INFORMATION PROVIDED
******************************

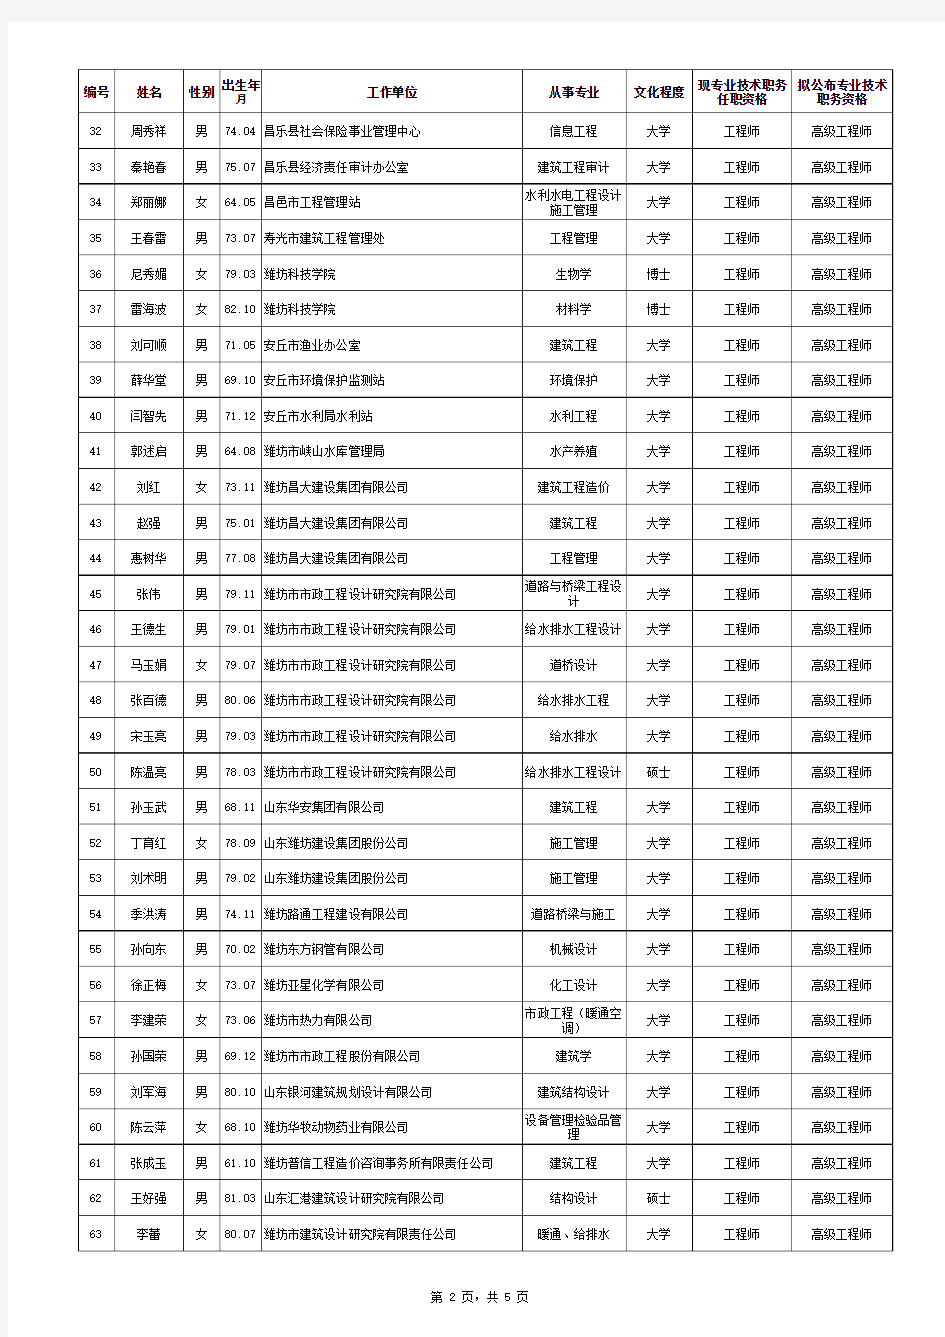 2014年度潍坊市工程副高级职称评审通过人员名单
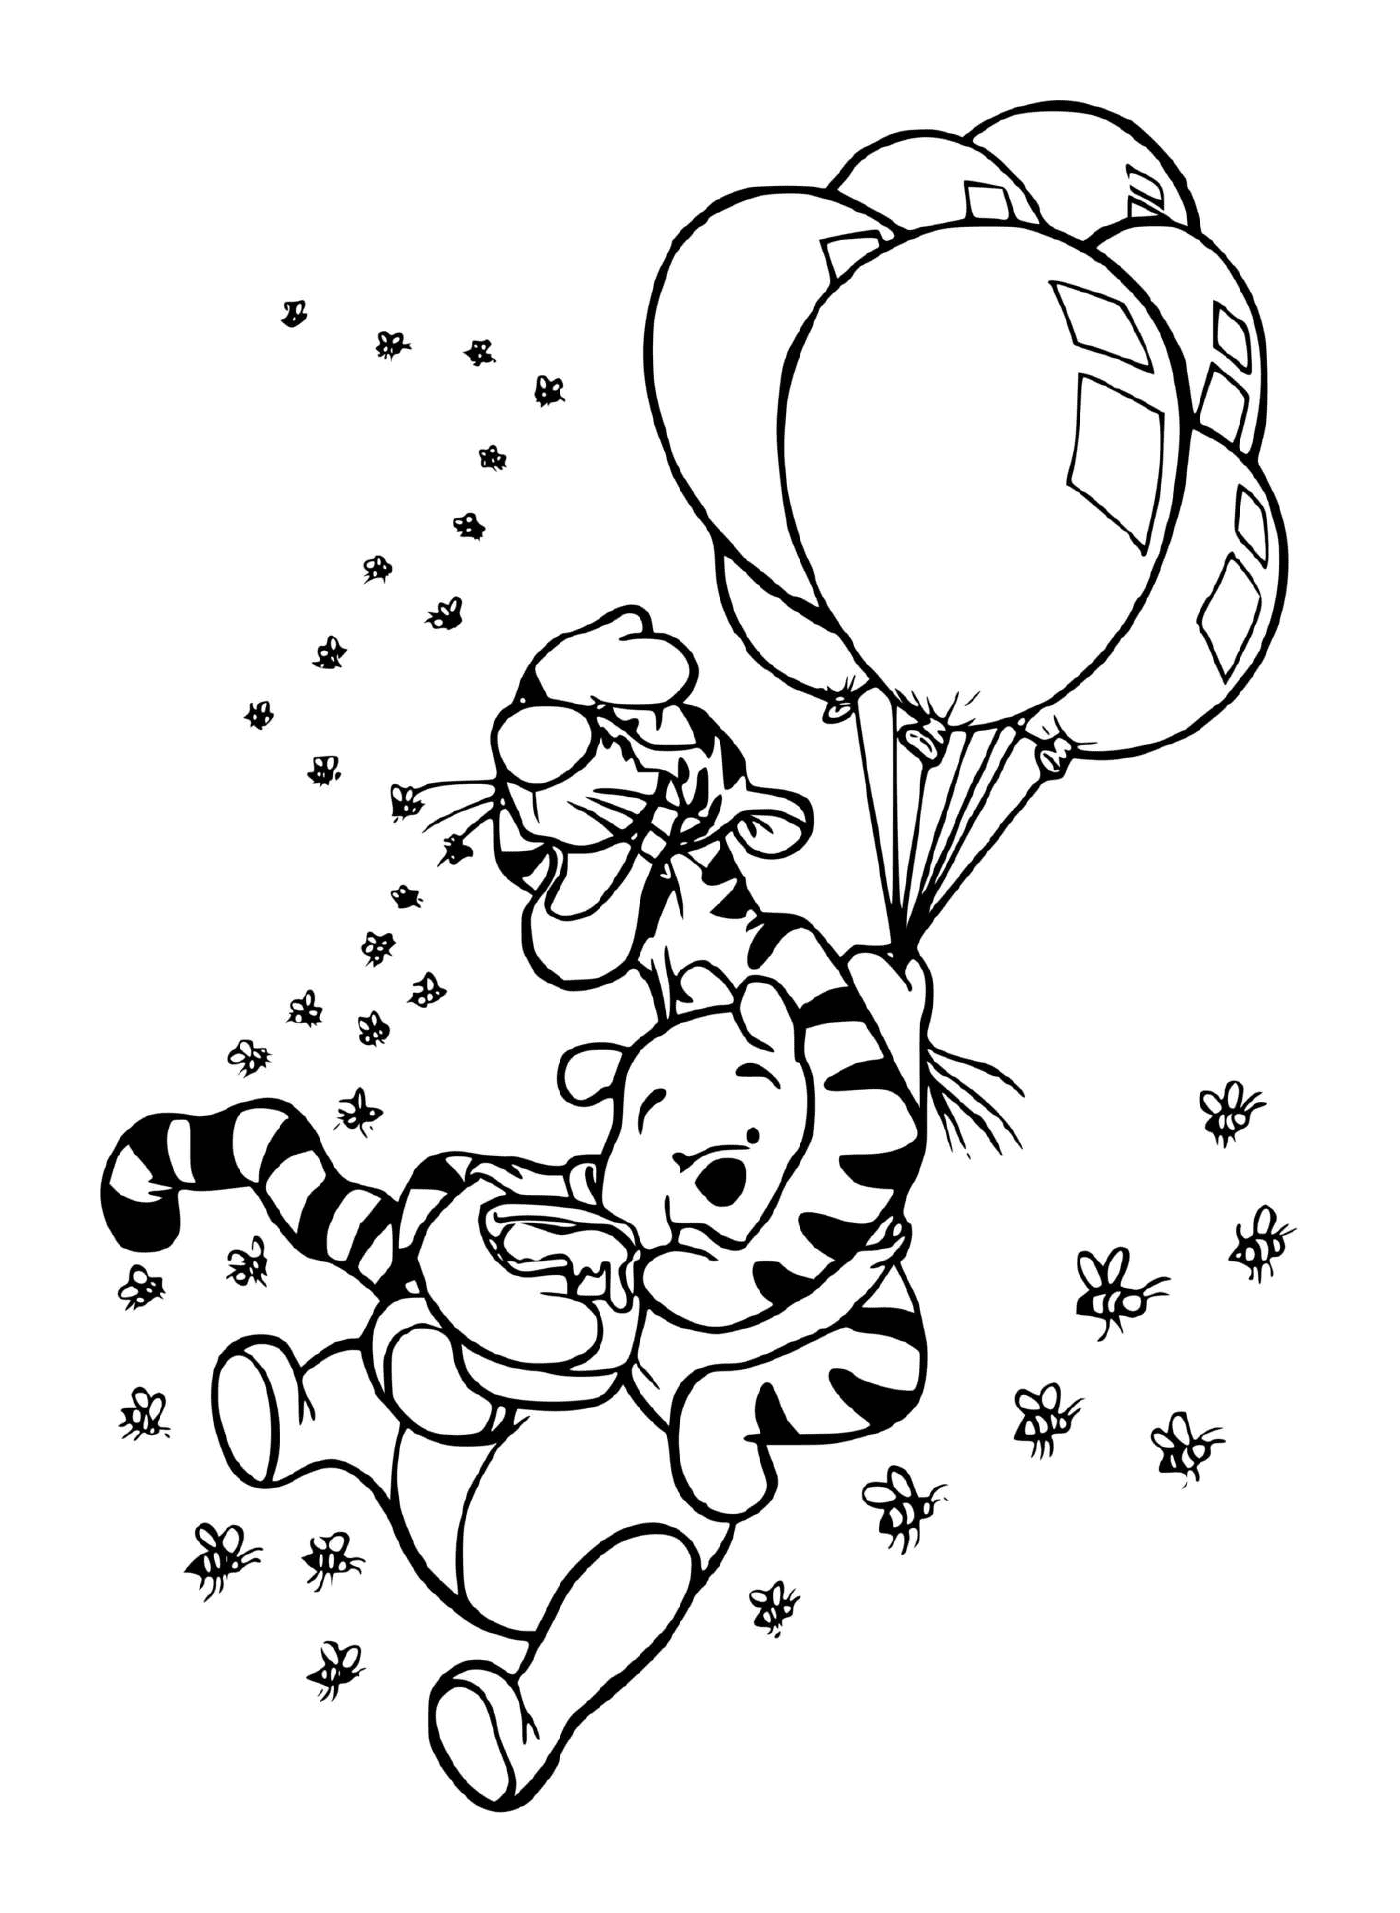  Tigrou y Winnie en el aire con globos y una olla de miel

******************************

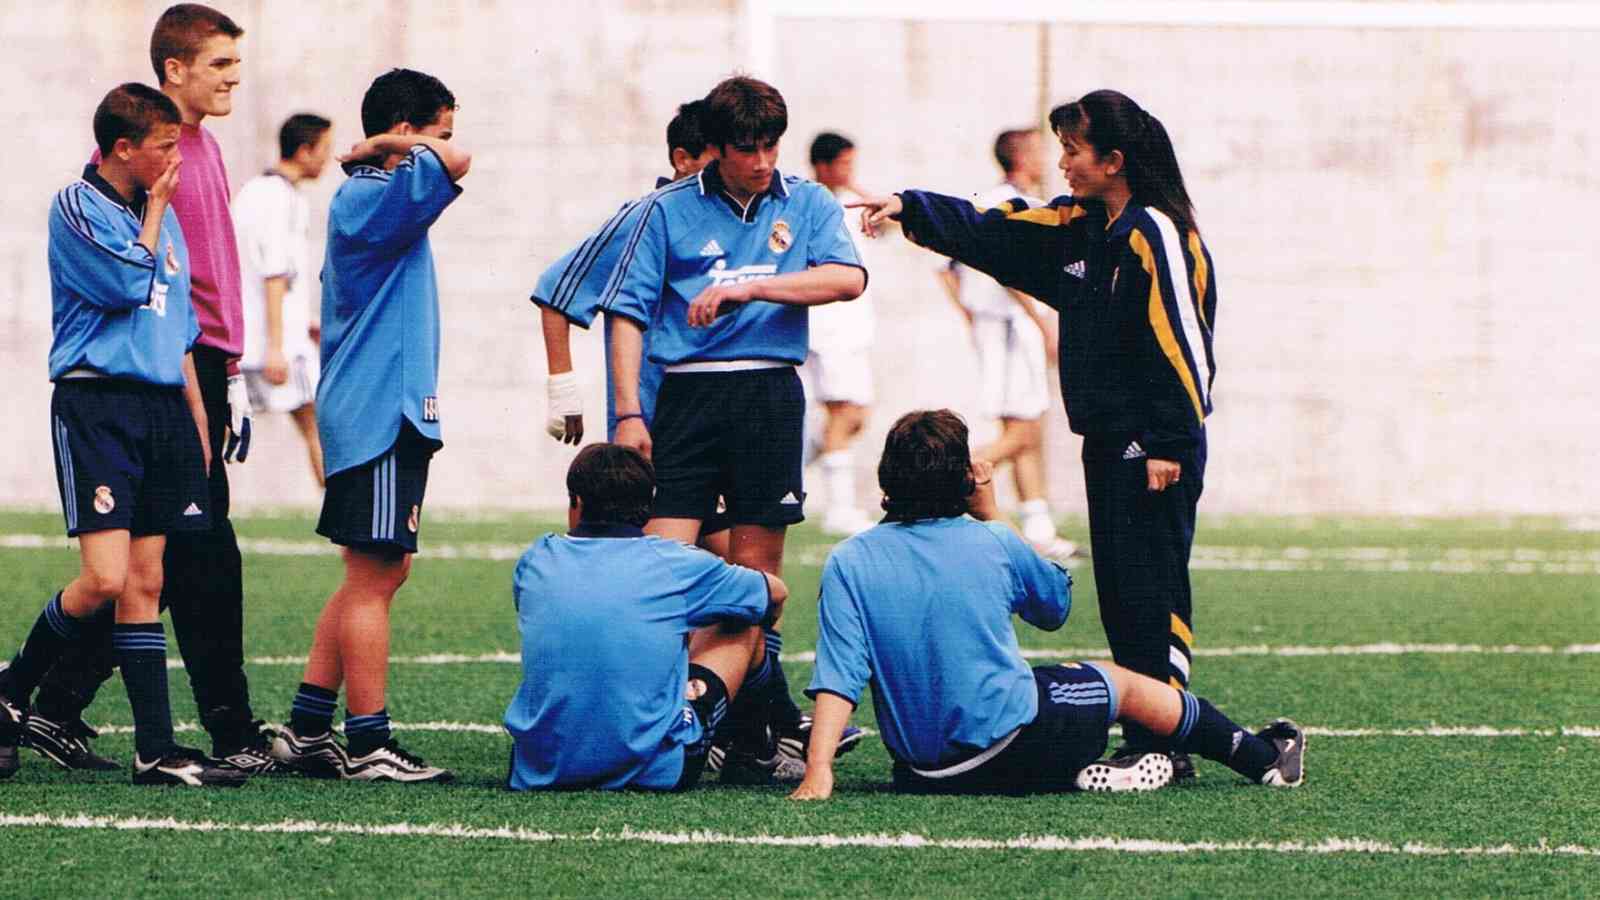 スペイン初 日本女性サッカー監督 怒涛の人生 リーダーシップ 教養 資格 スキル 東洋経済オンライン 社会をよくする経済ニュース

******************************

INSTRUCTIONS TO FOLLOW
For this exercise, transcribe exactly the part of the records above that opens with the line containing "2014年度潍坊市工程副高级职称评审通过人员名单" and closes with the one containing "Tigrou y Winnie". Pictures are not part of the copy.

SOLUTION
 2014年度潍坊市工程副高级职称评审通过人员名单
  Tigrou y Winnie en el aire con globos y una olla de miel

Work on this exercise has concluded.